Pat McEwen of Palm Bay is one of two leaders of the loose collection of activists, collectively known as Personhood Florida.
"In the original Florida Constitution in 1885, they gave Floridians the right to enjoy and defend life," she said. "This amendment defends the unborn, and it also gives older people like me – a retired college professor – the right to make my own decisions and not have someone override it."
And guess what. Through the years their battle against abortion has succeeded...they just never gave up. Now they are after contraception. Not just through the insurance path, but through training and putting in place pharmacists who will not fill prescriptions for it.
Now our Democrats have made clear there WILL be a conscience clause in the health care reform bill. The only reason for a conscience clause is to soothe the ruffled feathers of the religious right.
The more sinister potential of the original bill could have expanded far beyond reproductive services, Esman said. “If you were anti-gay, you didn’t have to treat gay people. If you were a white supremacist and worked at a doctor’s office you could refuse to make appointments for people who are non-white.” It was by raising concerns of broader threats of the legislation that the ACLU was able to build a diverse coalition to work on the bill.

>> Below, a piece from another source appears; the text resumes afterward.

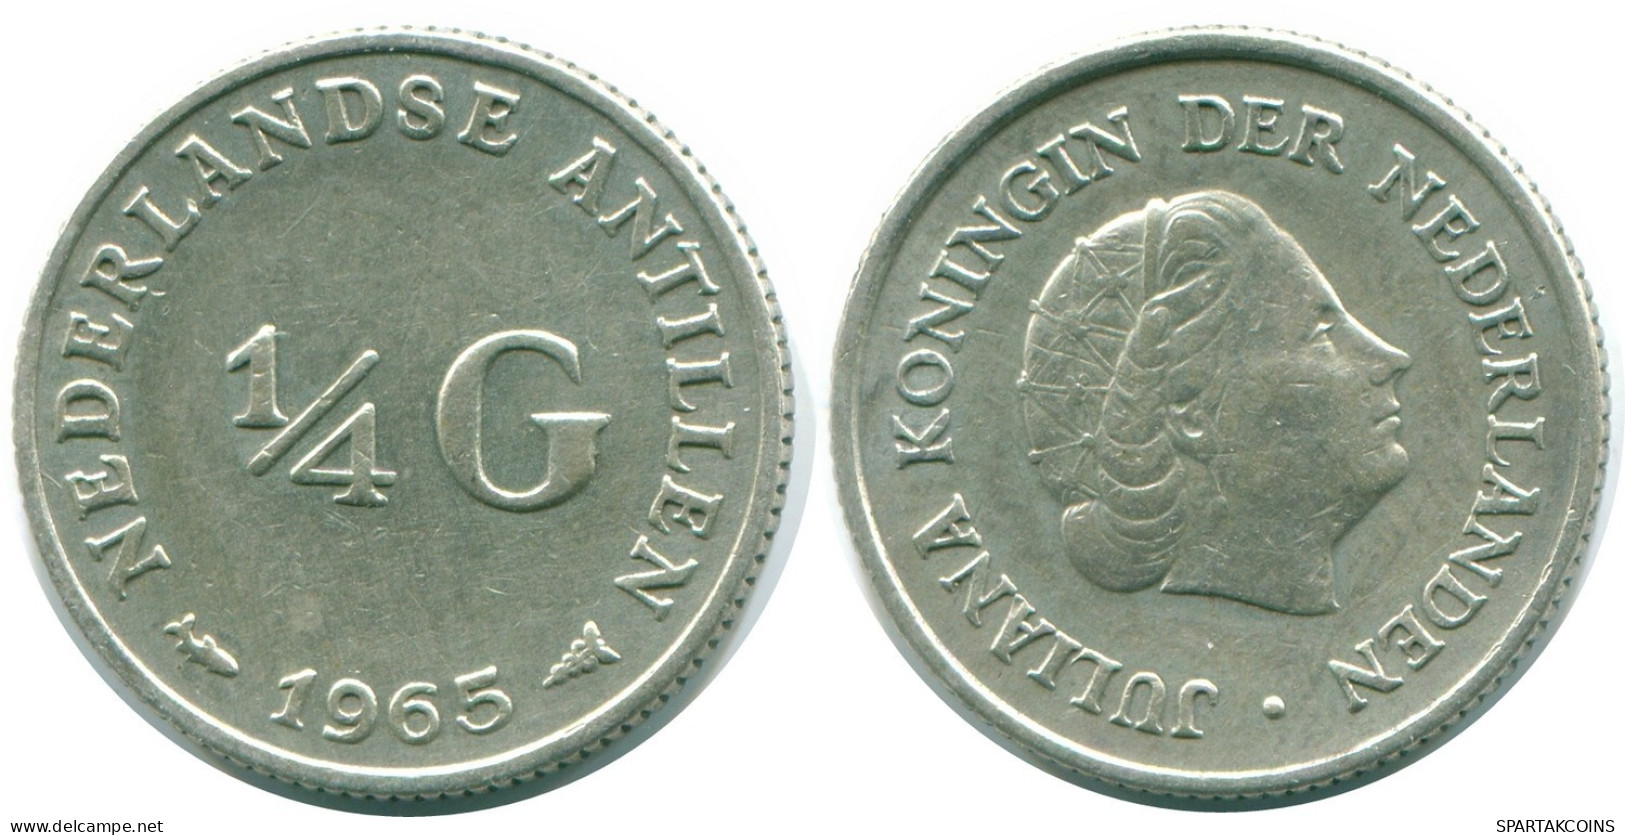 1/4 GULDEN 1965 NIEDERLÄNDISCHE ANTILLEN SILBER Koloniale Münze #NL11301.4.D.A - Niederländische Antillen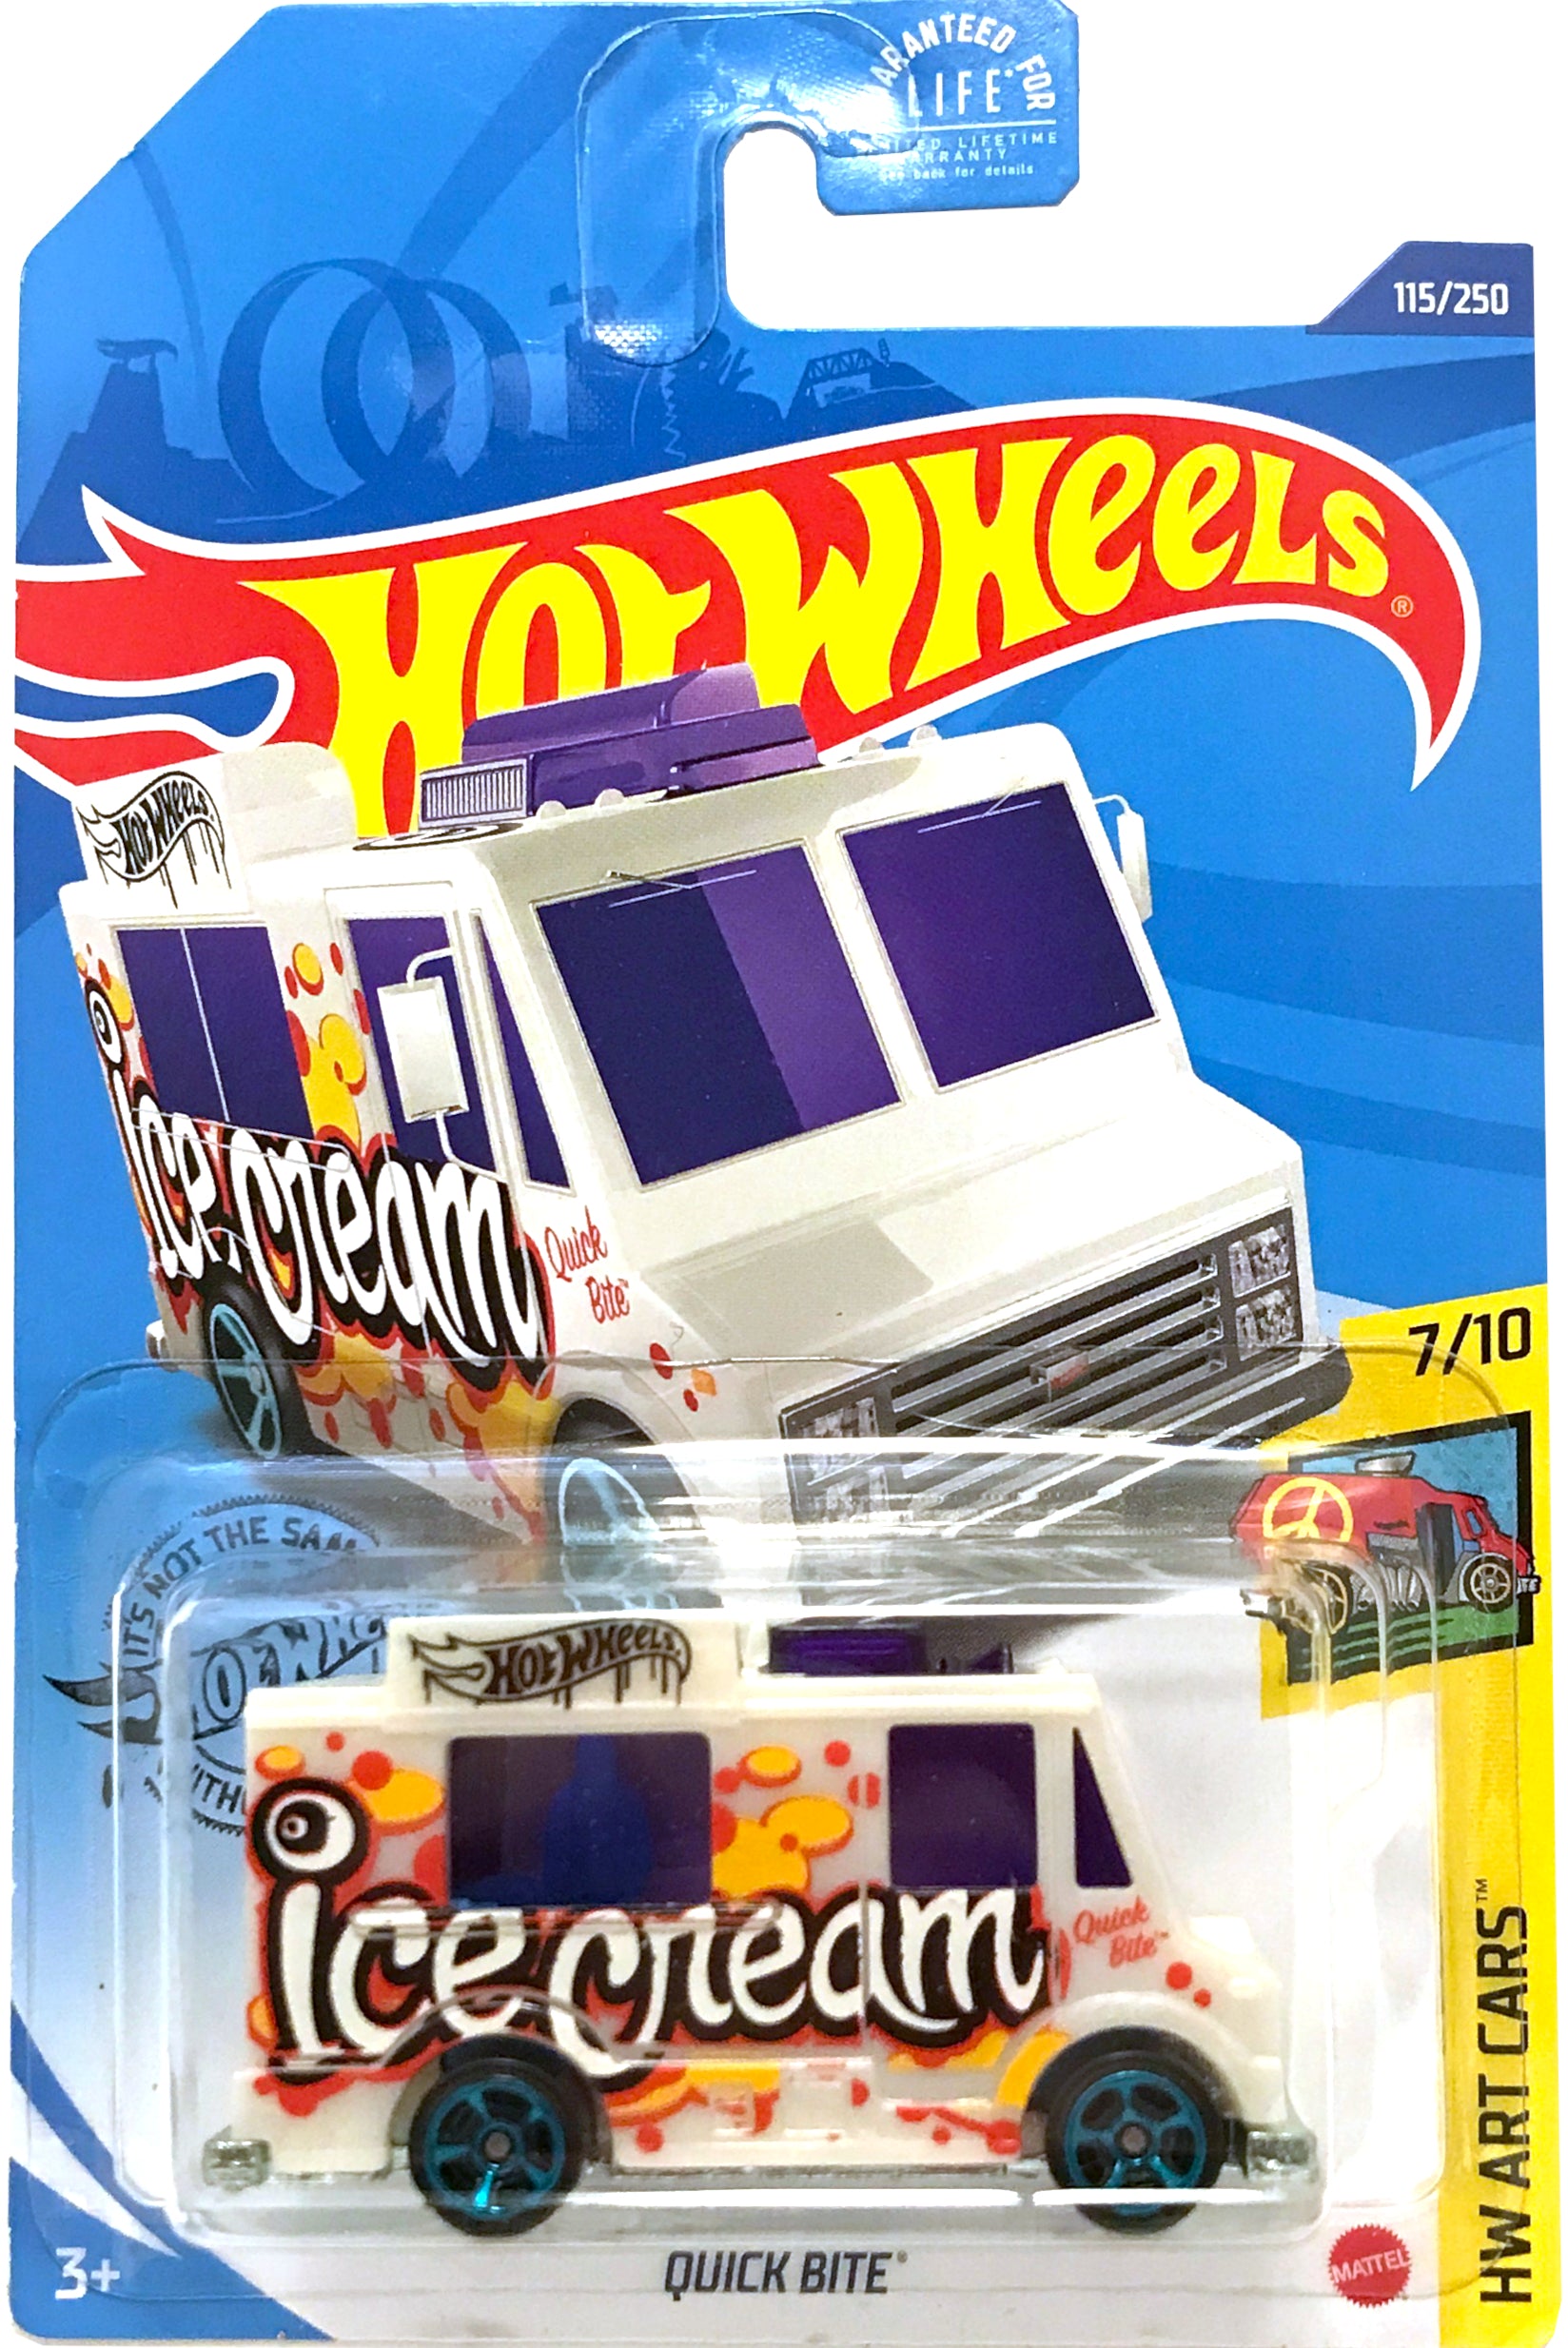 2020 Hot Wheels Mainline #115 - Quick Bite Ice Cream Truck (White) GHF96

.....Still, conscience clauses are becoming an increasingly popular mode of anti-choice legislation, and not all states will result in the kind of compromise reached in Louisiana. Arizona’s bill combines a conscience clause, allowing pharmacists to refuse to dispense emergency contraception, with a 24-hour waiting period for abortions. The bill also increases penalties (from one year of prison to two years) for physicians that perform the already-illegal late abortion procedures erroneously and misleadingly termed "partial-birth abortions."
They have won every battle in the field of choice. We need to fight harder against this minority that wants religion to control our government and our consciences and choices.